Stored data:
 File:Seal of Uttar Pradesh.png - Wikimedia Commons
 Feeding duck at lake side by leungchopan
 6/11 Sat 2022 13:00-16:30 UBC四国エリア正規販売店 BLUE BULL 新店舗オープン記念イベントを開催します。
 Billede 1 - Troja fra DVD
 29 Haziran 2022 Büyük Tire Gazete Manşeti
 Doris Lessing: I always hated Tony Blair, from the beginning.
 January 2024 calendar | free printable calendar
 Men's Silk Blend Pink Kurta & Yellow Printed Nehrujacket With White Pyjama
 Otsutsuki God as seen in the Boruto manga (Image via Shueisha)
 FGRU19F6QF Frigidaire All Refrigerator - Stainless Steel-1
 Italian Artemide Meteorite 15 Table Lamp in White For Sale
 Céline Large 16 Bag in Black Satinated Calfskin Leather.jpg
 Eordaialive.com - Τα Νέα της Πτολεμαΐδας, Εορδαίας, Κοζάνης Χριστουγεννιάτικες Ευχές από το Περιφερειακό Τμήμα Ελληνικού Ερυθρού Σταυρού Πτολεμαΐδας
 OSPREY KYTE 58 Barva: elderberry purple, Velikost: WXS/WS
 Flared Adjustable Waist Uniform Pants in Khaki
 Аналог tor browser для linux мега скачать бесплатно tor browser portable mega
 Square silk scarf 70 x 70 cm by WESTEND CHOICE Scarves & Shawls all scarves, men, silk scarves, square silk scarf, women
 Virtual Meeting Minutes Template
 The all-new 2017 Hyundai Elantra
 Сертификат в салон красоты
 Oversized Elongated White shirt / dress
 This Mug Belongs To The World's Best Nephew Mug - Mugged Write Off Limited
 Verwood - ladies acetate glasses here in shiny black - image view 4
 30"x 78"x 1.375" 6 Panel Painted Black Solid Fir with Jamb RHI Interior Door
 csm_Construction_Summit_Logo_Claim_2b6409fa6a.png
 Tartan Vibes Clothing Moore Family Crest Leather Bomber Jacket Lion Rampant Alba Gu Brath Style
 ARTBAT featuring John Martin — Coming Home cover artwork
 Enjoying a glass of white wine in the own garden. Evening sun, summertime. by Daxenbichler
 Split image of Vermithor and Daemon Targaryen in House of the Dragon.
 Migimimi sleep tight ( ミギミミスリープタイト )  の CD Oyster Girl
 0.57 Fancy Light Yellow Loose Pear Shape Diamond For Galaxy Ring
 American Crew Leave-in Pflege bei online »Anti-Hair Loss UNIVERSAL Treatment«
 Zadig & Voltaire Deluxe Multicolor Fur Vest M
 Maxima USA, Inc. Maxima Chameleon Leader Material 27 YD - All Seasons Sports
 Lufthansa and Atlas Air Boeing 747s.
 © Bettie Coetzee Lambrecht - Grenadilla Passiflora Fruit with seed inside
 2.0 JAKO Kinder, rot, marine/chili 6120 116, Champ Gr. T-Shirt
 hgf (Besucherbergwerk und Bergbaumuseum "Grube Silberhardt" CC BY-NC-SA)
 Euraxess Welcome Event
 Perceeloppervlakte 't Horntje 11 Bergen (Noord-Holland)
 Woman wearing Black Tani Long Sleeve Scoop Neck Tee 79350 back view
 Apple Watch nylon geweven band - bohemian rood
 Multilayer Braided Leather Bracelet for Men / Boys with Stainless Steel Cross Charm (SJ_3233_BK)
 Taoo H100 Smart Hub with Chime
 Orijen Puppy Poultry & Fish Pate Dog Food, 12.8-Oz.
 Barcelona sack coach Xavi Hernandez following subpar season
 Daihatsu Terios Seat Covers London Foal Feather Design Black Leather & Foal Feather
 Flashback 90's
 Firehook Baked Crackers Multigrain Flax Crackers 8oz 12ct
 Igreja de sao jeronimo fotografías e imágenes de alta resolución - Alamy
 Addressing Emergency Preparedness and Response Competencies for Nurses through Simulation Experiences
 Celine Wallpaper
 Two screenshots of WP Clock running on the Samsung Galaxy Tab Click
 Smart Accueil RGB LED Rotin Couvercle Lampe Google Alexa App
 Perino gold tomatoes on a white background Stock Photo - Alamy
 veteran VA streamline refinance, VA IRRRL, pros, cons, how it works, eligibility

What to work on:
Search the entries above for lines holding the string "Yellow", then report only how many there are.

Task result:
2